Alternate U.S. Route 72 (US 72 Alt.) exists in Alabama on the south side of the Tennessee River between Muscle Shoals and Decatur, while US 72 follows on the north side of the river between Florence and Athens. US 72A crosses the Tennessee River at Decatur, along with U.S. Highway 31, and follows the entire route of Interstate 565. SR-20 was co-signed with US 72A from Muscle Shoals to Huntsville but has since been truncated to the junction of I-65 just east of Decatur.

Originally, US 72A turned off SR-20 on to SR-53 / Jordan Lane in Huntsville and followed it north  to rejoin with US 72. With the completion of I-565 in the early 1990s, US 72A was routed along with I-565 to the termination of I-565 at US 72 at Chapman Mountain.

Route description
US 72 Alt. begins at an intersection with US 43/US 72 in Muscle Shoals. Here, this road continues west as part of US 72. East of there, it intersects SR 157 at an at-grade intersection, where a concurrency begins.

A couple miles east of there, the roads split. SR 157 heads straight towards Moulton. US 72 Alt. turns due east at the interchange, heading towards Town Creek and Decatur. 

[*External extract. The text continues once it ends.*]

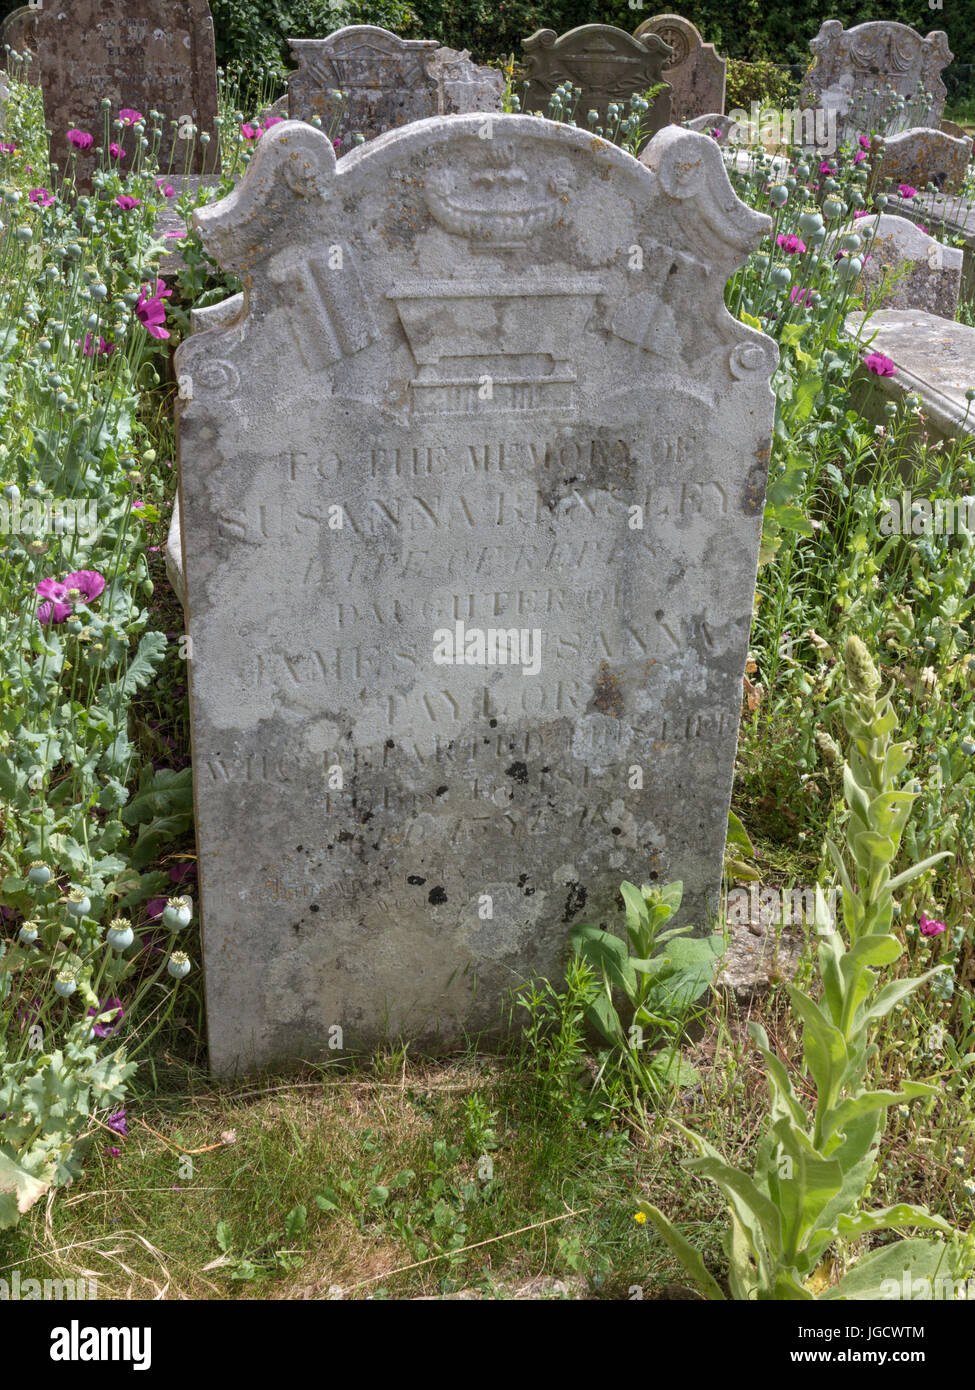 Lápidas en una sección de vida silvestre de un cementerio con flores silvestres y pastos Foto de stock

US 72 Alt. enters Decatur after passing through Trinity, carrying SR 20. It serves as the northern terminus for The Beltline (SR 67) and continues eastward towards the town center. After traveling by the Old State Bank and the Dancy Polk House in the downtown area, US 72 Alt. intersects US 31. It continues over the "Steamboat Bill" Hudson Memorial Bridge, after which it and SR 20 continue east towards I-65 and I-565, while US 31 continues north towards Athens and Calhoun Community College.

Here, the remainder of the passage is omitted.